### Given data
Start of Block
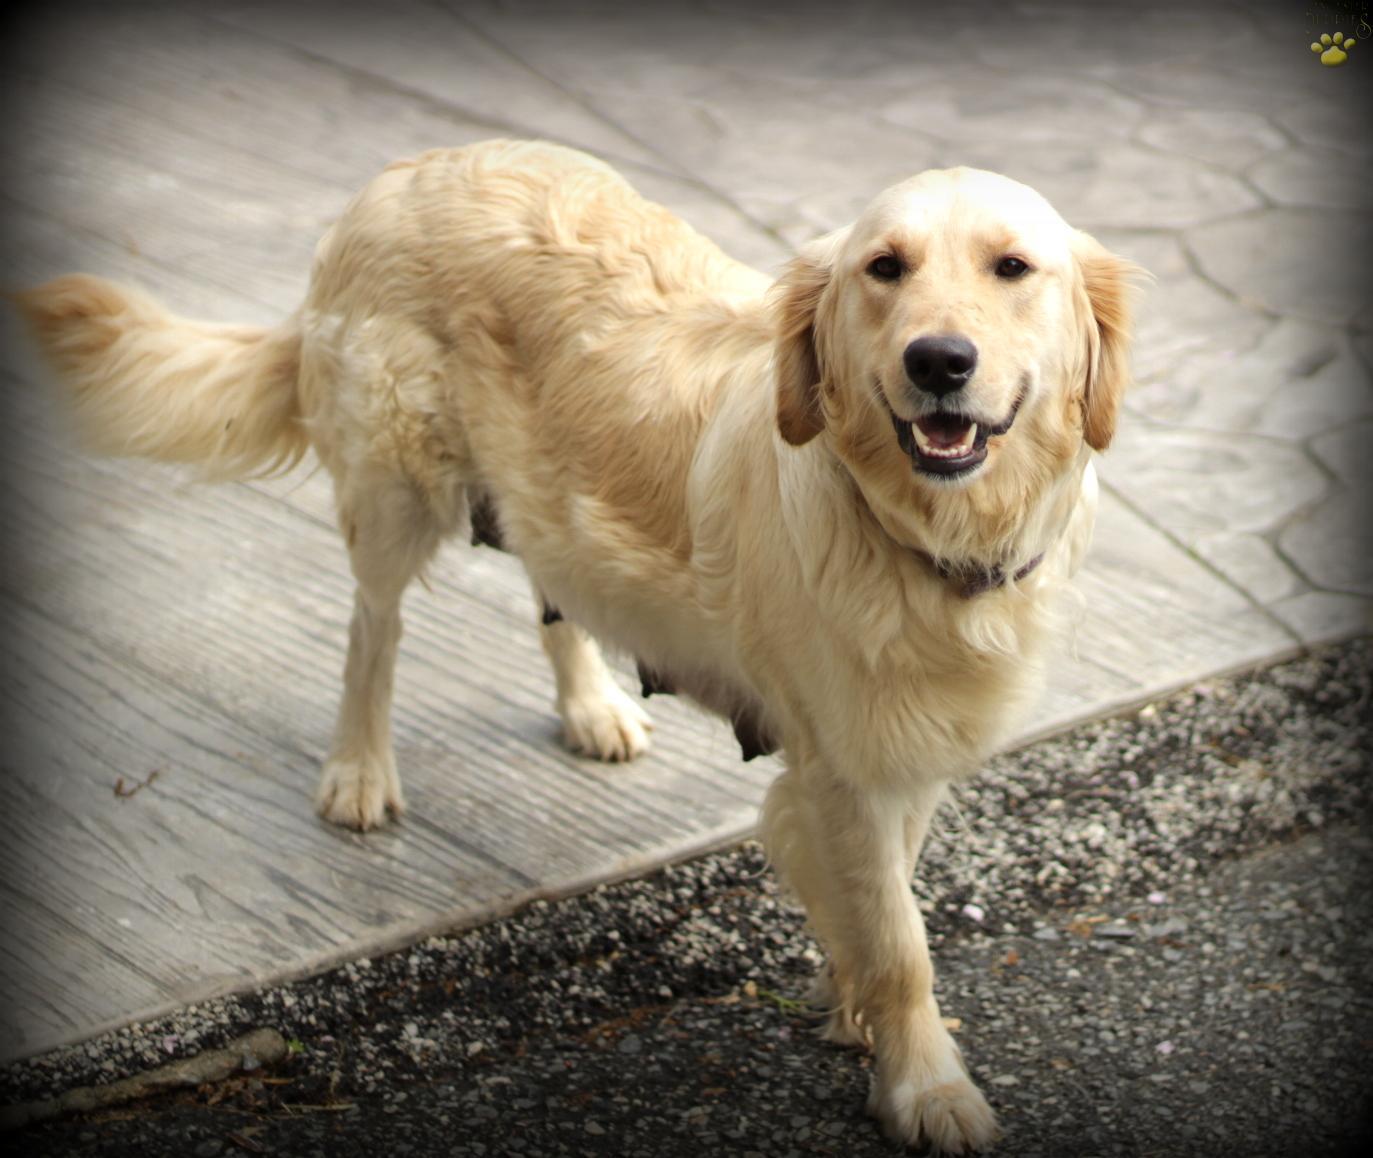 Monroe English Creamamerican Golden Retriever Puppy For Sale In
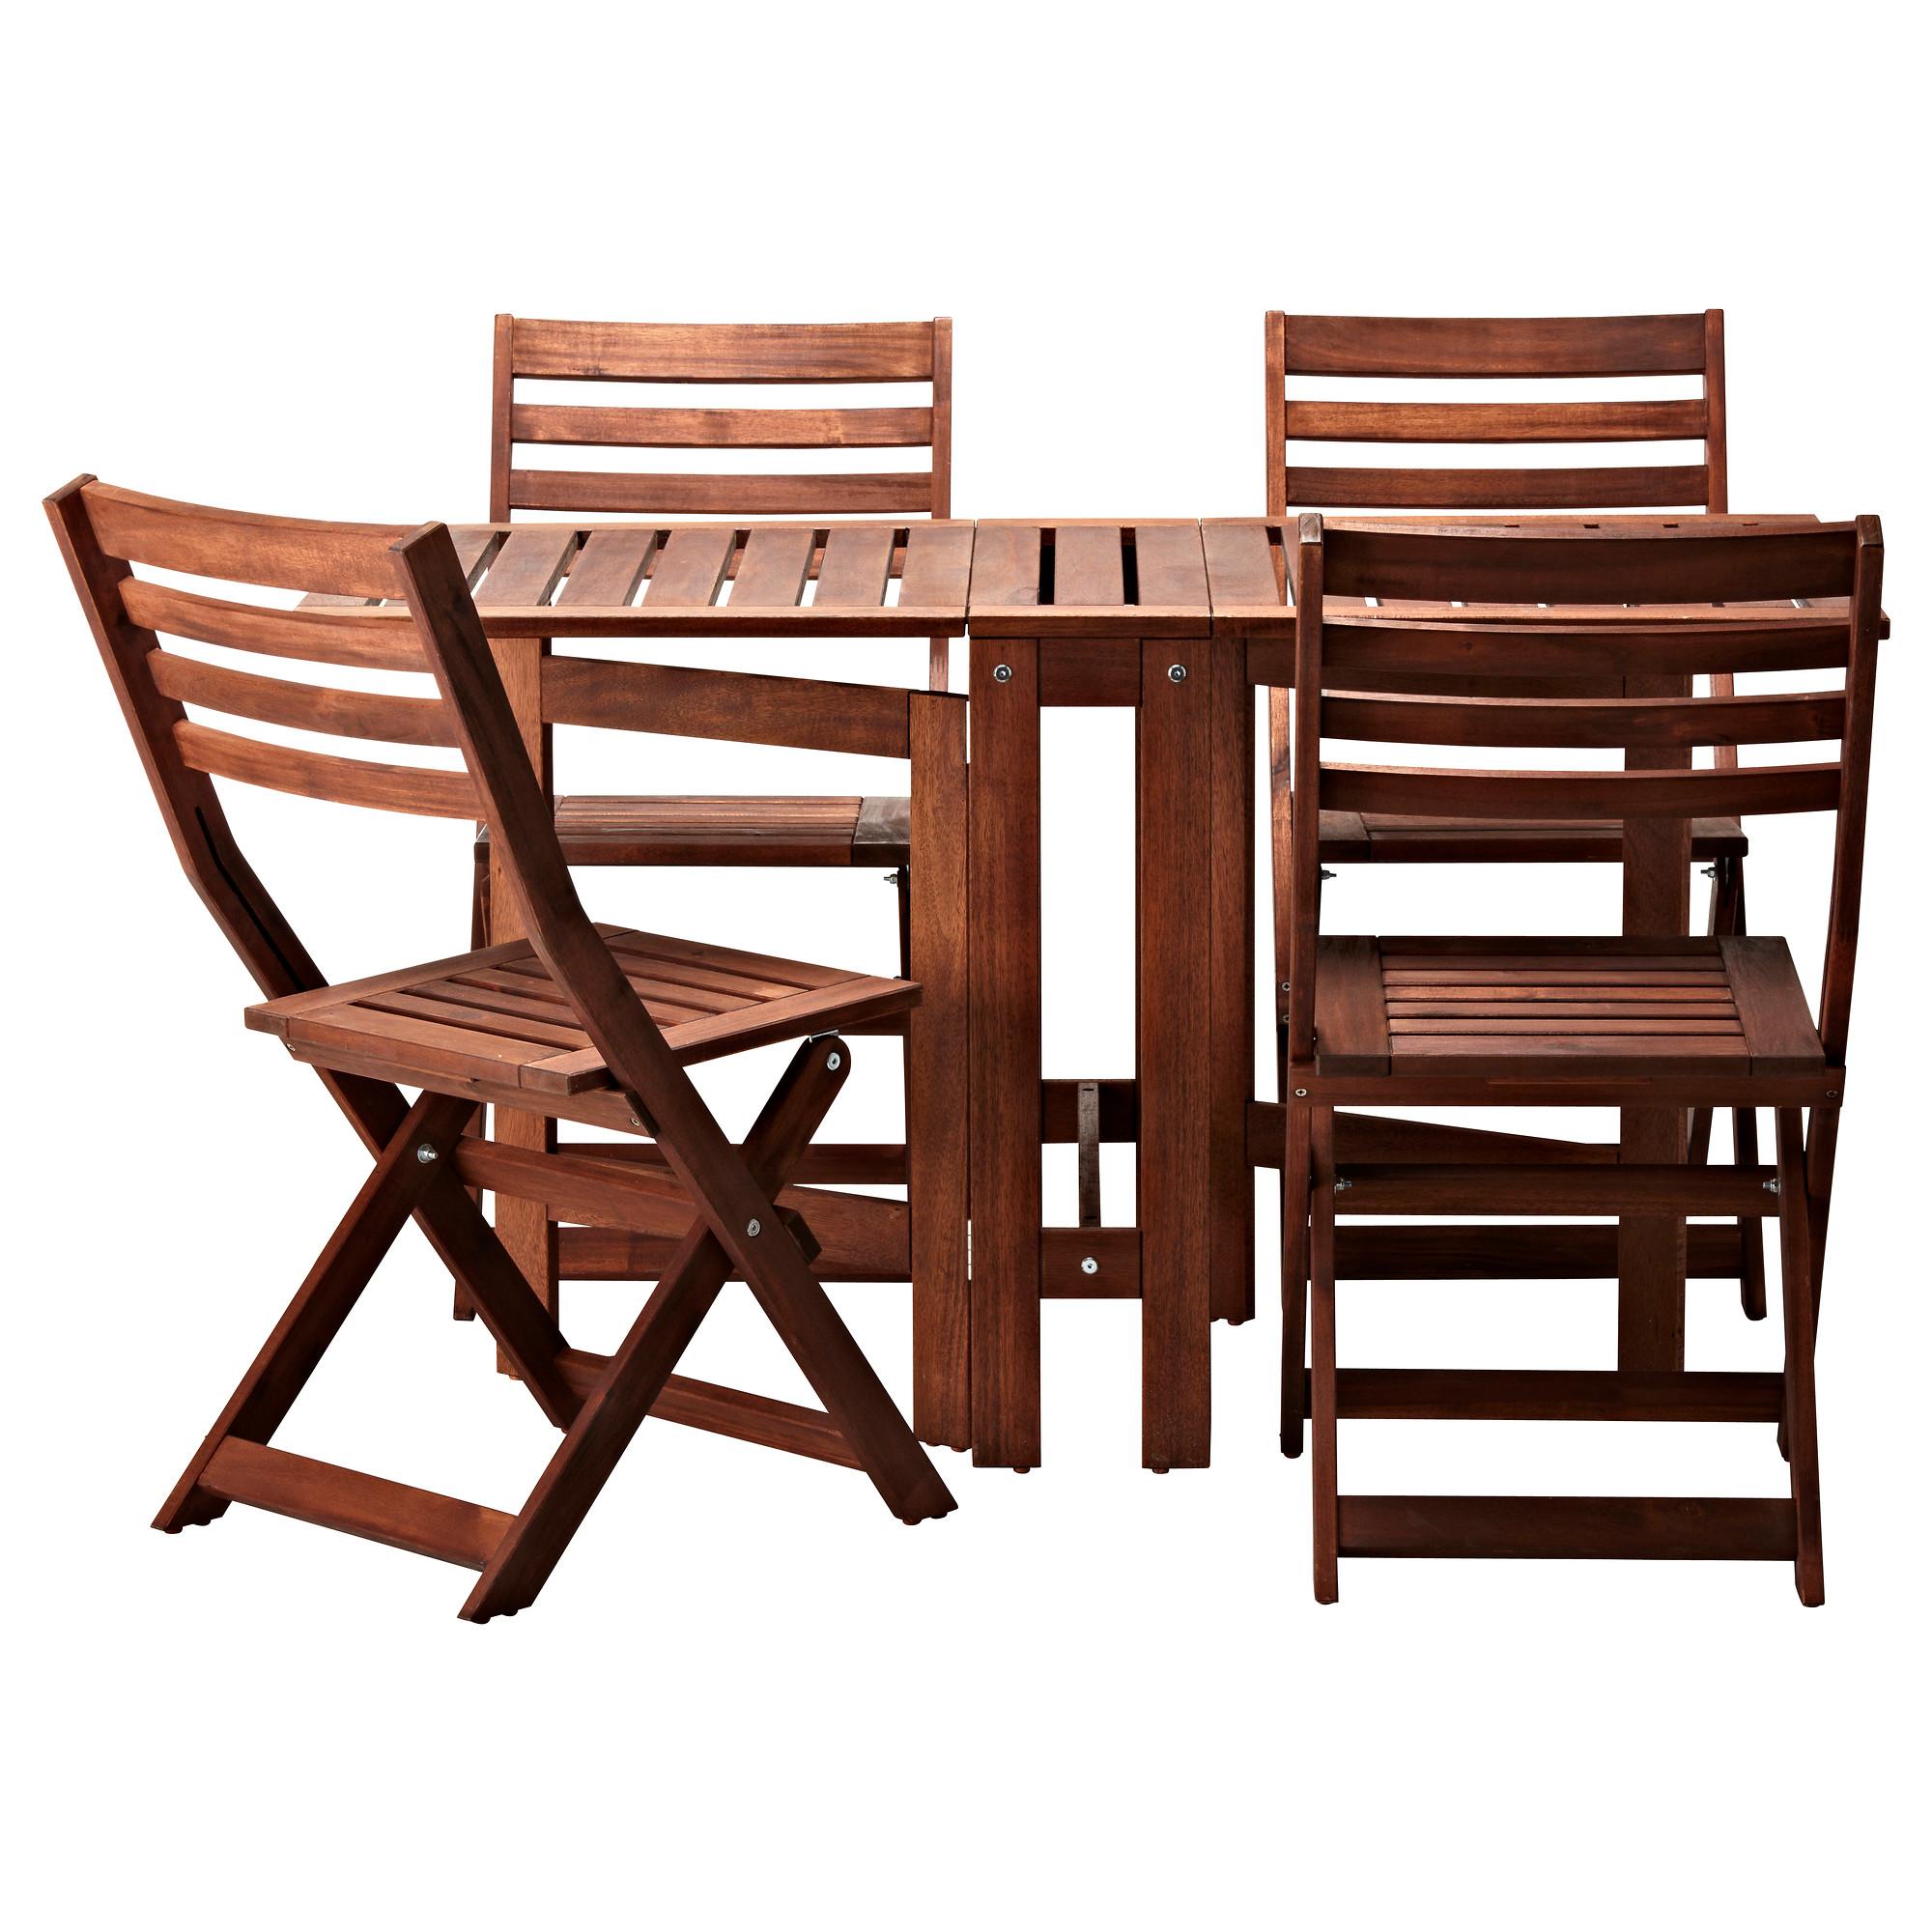 outdoor table and chairs ikea äpplarö table+4 folding chairs, outdoor UQJDDVU
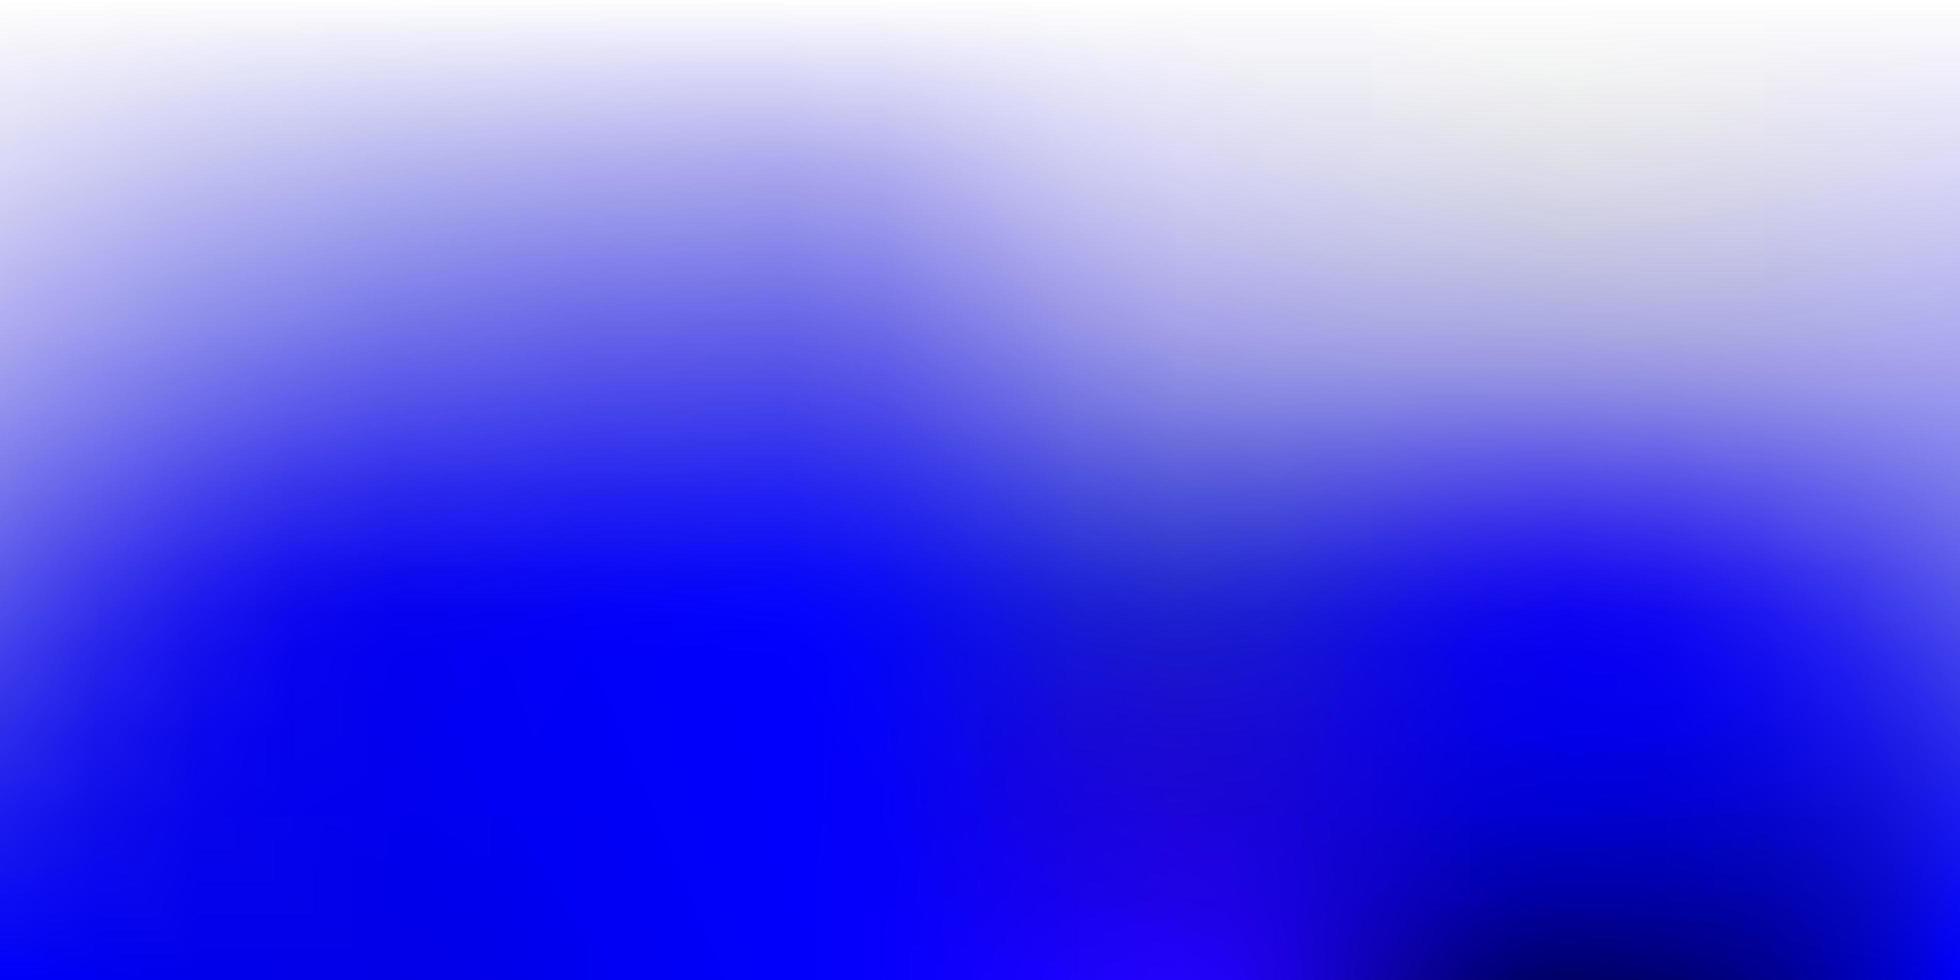 Dark BLUE vector blur backdrop.
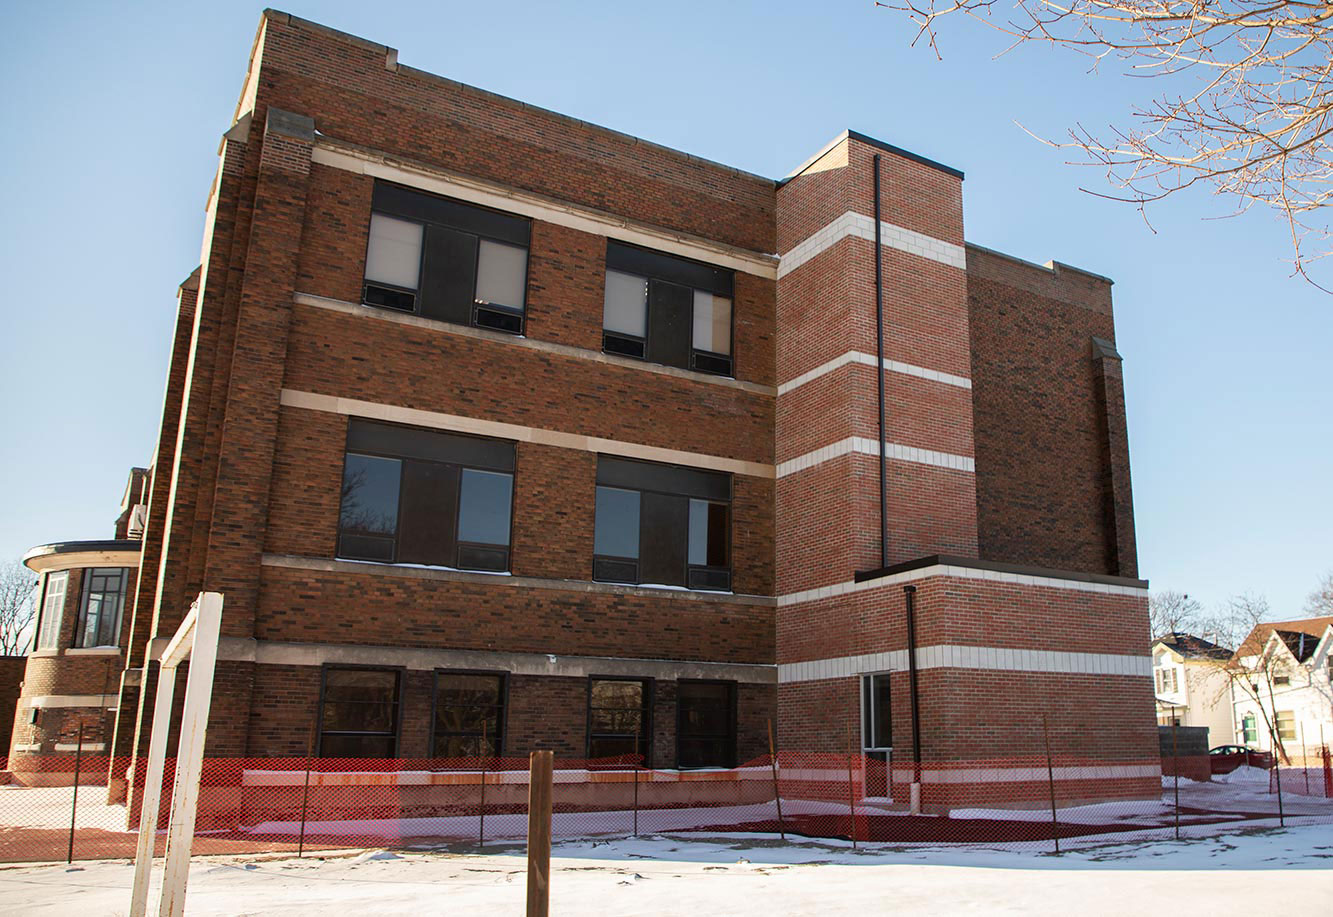 Major Ballachey Elementary School
End of Block
### Problem statement
Every line from the one containing "Dark BLUE vector blur backdrop." through the last line of the data is to be retyped exactly, with nothing added and no pictures included.

### Exercise output
 Dark BLUE vector blur backdrop.
 Major Ballachey Elementary School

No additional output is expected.